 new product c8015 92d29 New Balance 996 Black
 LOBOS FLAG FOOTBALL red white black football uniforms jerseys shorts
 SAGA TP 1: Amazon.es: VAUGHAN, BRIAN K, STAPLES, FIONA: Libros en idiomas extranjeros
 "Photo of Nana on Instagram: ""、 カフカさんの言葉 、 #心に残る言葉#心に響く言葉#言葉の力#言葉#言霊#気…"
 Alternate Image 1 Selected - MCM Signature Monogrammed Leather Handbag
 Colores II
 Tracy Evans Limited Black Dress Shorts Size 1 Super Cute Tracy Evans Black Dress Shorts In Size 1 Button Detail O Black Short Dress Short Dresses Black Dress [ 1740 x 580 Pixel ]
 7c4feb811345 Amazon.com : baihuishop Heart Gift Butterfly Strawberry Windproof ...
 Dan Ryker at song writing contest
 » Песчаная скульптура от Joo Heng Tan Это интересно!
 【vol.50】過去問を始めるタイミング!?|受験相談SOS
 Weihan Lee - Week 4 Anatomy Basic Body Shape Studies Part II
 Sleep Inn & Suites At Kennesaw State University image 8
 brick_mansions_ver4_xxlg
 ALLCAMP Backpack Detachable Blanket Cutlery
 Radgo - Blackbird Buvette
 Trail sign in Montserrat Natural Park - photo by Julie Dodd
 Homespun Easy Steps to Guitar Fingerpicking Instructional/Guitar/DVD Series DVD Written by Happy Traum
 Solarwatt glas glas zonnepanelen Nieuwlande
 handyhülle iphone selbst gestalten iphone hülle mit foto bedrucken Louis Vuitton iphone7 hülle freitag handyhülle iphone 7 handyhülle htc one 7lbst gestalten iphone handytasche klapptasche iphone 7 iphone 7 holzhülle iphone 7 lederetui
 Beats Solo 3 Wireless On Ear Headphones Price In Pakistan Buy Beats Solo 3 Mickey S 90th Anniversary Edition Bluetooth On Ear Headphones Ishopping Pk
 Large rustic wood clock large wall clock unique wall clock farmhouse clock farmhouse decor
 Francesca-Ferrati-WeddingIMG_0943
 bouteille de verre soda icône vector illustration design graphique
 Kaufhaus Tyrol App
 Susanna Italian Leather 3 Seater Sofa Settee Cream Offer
━━━
§ Problem: Using the data above, repeat exactly the lines that begin at the line with "Dan Ryker at song writing contest" and end at the line with "Sleep Inn &", both ends included.

§ Answer for the task:
 Dan Ryker at song writing contest
 » Песчаная скульптура от Joo Heng Tan Это интересно!
 【vol.50】過去問を始めるタイミング!?|受験相談SOS
 Weihan Lee - Week 4 Anatomy Basic Body Shape Studies Part II
 Sleep Inn & Suites At Kennesaw State University image 8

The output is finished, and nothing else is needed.